TBT to Index’s Wolfgang Tillmans Interview

We’ve spent a lot of time perusing old copies of Index Magazine of late. The atmosphere contained within the pages is always buzzy and a lot of that has to do with the photography. Tillman’s was responsible for a rather large proportion of Index’s covers and covers set the tone. They always managed to find the perfect settings to shoot the perfect people. And the interviews were glorious, with interviewees that often had their own thing going on.

This Wolfgang Tilman’s interview that they conducted is a perfect example. With Peter Halley and Bob Nickas on interview duty. We’ve included an excerpt below but check out the full interview here.


 

BN: I’m thinking of the word “democratic,” because when I started looking at more of your photographs, I couldn’t always tell the difference between what were personal pictures, and what was commercial work. And I realized there’s a kind of blurring between them in your work. In other words, with some photographers, their commercial work looks like it’s what they were hired to do. And the other work is personal. But in yours they kind of flow into each other much more.
WT: I just make my work, and there’s only one kind of work that I do. But then, I put it out into the world, and it instantly starts to travel. People start to claim it for whatever field they think it sits in. So I actually don’t control the framework in which my work circulates.
My staged work looks so real that people actually take it for documentary. But, in fact, that is my intention, to disguise the manufacturedness of it. Half of my work, or probably more than that, is staged.

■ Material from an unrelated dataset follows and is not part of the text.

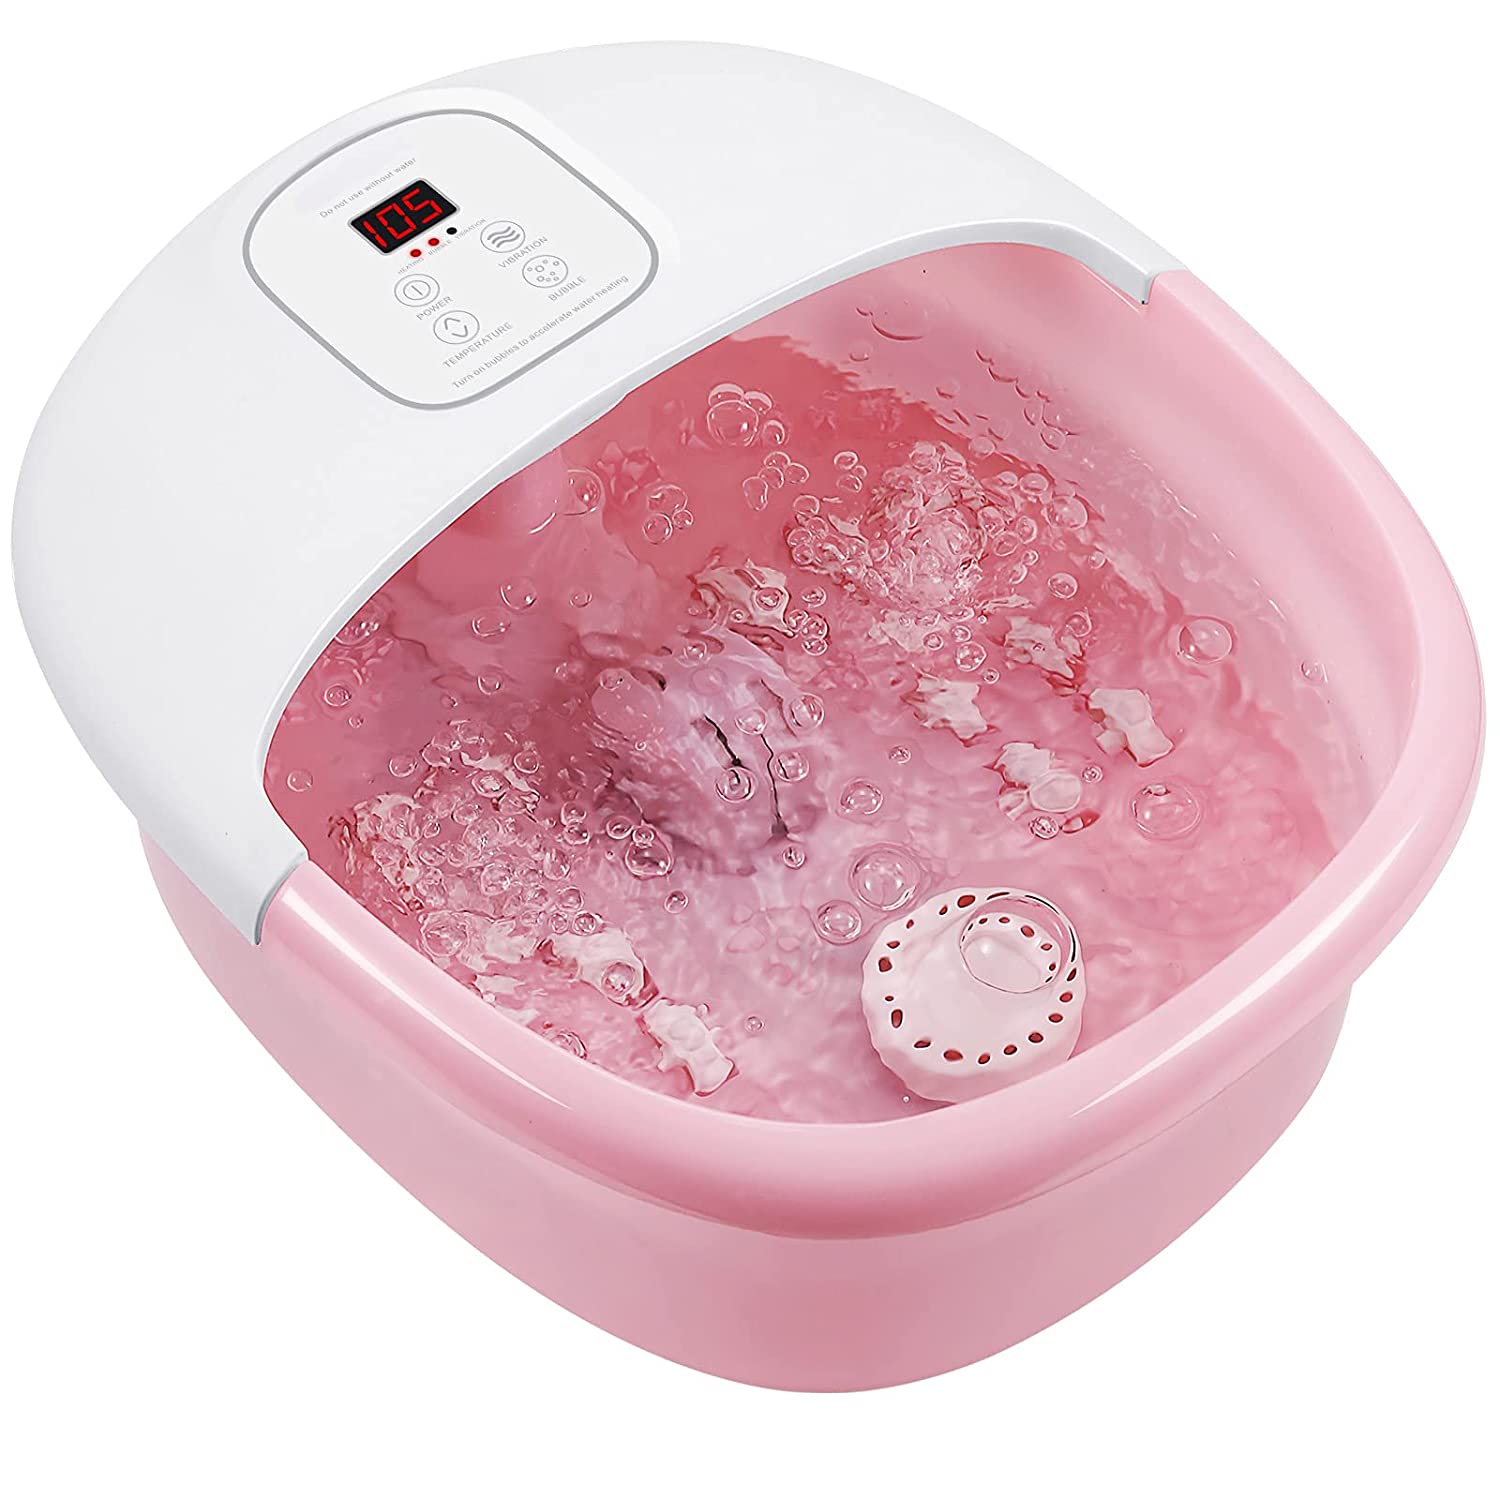 

Foot Spa Bath Massager with Heat, Adjustable Temperature Control , Bubbles and Vibration, Home Pedicure Tub for Relax

PH: This is contradictory to what you were saying at first, that you went into shoots without pre-expectations.
WT: That’s the thing, I go into an index cover shoot without expectations because there is nothing I can expect because I don’t know who I’m meeting. But there are a lot of themes and images that I have in my head, that I stage with people, with models. And then, in order to distribute them into the world, you use fashion channels. So I use the fashion magazine kind of as my platform to publish my storyboards. I inject my personal visions into the world, by making them look real, or looking like a club shot or like a fashion shot.
But actually, what I do is I enact situations with my models or friends so I can see what they look like. There’s the photo of those people sitting in the trees. Or those people lying on the beach. The woman with her hands wrapped around her head. All those were planned images.

PH: But by “staged” you just mean you move people around a bit?
WT: No, I tell them what to do, and I choose the clothes, I choose the location, and I set them up in their positions.

BN: It sounds a bit like a little scene from a movie …
WT: Yeah, but it’s a kind of post-art photography. It’s no longer about — “Look how much an artist I am, how controlled it is.” It’s confident enough to use photography to its fullest extent without constantly pointing at how I’m controlling the whole process.

PH: Do you identify strongly with the cinema verité tradition, or the street photography tradition?
BN: There was the famous TV series, An American Family, where the everyday life of a California family was filmed in their own house for a whole year.
WT: No, I’m actually not very interested in finding, in collecting these moments. I’m looking for the one definitive picture of a person or a situation.